■ WHAT IS NEEDED
From the data underneath, reproduce exactly the stretch that begins at the line with "Drawn hunting cheetah" and ends after the line with "Puntroの未再生の波形".
————
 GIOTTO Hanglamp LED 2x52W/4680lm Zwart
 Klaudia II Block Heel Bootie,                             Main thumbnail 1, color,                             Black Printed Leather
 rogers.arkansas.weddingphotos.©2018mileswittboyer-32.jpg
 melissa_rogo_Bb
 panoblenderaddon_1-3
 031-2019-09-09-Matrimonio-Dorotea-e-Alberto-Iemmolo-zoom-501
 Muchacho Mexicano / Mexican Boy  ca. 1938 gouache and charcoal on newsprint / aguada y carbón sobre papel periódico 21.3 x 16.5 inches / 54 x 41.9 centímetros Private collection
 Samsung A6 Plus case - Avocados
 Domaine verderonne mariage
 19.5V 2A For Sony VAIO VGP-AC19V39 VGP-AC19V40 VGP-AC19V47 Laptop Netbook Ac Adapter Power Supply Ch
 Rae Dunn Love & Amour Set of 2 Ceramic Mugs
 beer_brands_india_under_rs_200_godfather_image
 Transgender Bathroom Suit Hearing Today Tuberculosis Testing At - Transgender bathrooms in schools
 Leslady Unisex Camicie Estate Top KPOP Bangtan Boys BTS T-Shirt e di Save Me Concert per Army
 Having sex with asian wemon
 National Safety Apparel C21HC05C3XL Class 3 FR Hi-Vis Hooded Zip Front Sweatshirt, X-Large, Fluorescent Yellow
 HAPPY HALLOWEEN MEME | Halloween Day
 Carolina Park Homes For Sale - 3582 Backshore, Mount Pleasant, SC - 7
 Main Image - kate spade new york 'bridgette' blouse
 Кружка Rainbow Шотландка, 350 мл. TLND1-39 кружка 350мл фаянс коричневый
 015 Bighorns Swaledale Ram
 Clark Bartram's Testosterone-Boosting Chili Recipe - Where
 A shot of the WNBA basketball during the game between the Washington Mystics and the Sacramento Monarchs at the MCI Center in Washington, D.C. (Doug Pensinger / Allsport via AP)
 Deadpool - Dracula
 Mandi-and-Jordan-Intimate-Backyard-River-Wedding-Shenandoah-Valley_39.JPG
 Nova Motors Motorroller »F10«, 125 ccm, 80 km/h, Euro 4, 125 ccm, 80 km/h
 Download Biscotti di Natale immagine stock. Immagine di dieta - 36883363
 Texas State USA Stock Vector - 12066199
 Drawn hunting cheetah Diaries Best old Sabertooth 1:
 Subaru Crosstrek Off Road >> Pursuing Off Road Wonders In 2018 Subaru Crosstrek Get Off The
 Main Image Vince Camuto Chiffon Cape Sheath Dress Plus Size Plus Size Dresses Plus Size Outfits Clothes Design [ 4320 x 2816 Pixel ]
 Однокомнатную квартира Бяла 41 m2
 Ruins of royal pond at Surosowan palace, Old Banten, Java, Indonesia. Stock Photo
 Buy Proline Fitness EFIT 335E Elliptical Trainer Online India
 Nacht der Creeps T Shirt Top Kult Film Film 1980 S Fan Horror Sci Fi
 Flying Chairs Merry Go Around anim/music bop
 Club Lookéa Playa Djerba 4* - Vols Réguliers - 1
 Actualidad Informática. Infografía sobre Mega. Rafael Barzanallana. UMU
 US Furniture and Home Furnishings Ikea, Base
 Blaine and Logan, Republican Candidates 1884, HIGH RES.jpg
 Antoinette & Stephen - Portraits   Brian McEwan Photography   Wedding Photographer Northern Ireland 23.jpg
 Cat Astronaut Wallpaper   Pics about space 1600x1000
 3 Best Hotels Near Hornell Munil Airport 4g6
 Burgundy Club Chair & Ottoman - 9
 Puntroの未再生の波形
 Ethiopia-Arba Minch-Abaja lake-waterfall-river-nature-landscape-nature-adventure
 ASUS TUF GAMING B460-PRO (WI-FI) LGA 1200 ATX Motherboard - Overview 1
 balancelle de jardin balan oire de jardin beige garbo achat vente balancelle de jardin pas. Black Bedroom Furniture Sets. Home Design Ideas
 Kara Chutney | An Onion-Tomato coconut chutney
————
■ WRITTEN ANSWER
 Drawn hunting cheetah Diaries Best old Sabertooth 1:
 Subaru Crosstrek Off Road >> Pursuing Off Road Wonders In 2018 Subaru Crosstrek Get Off The
 Main Image Vince Camuto Chiffon Cape Sheath Dress Plus Size Plus Size Dresses Plus Size Outfits Clothes Design [ 4320 x 2816 Pixel ]
 Однокомнатную квартира Бяла 41 m2
 Ruins of royal pond at Surosowan palace, Old Banten, Java, Indonesia. Stock Photo
 Buy Proline Fitness EFIT 335E Elliptical Trainer Online India
 Nacht der Creeps T Shirt Top Kult Film Film 1980 S Fan Horror Sci Fi
 Flying Chairs Merry Go Around anim/music bop
 Club Lookéa Playa Djerba 4* - Vols Réguliers - 1
 Actualidad Informática. Infografía sobre Mega. Rafael Barzanallana. UMU
 US Furniture and Home Furnishings Ikea, Base
 Blaine and Logan, Republican Candidates 1884, HIGH RES.jpg
 Antoinette & Stephen - Portraits   Brian McEwan Photography   Wedding Photographer Northern Ireland 23.jpg
 Cat Astronaut Wallpaper   Pics about space 1600x1000
 3 Best Hotels Near Hornell Munil Airport 4g6
 Burgundy Club Chair & Ottoman - 9
 Puntroの未再生の波形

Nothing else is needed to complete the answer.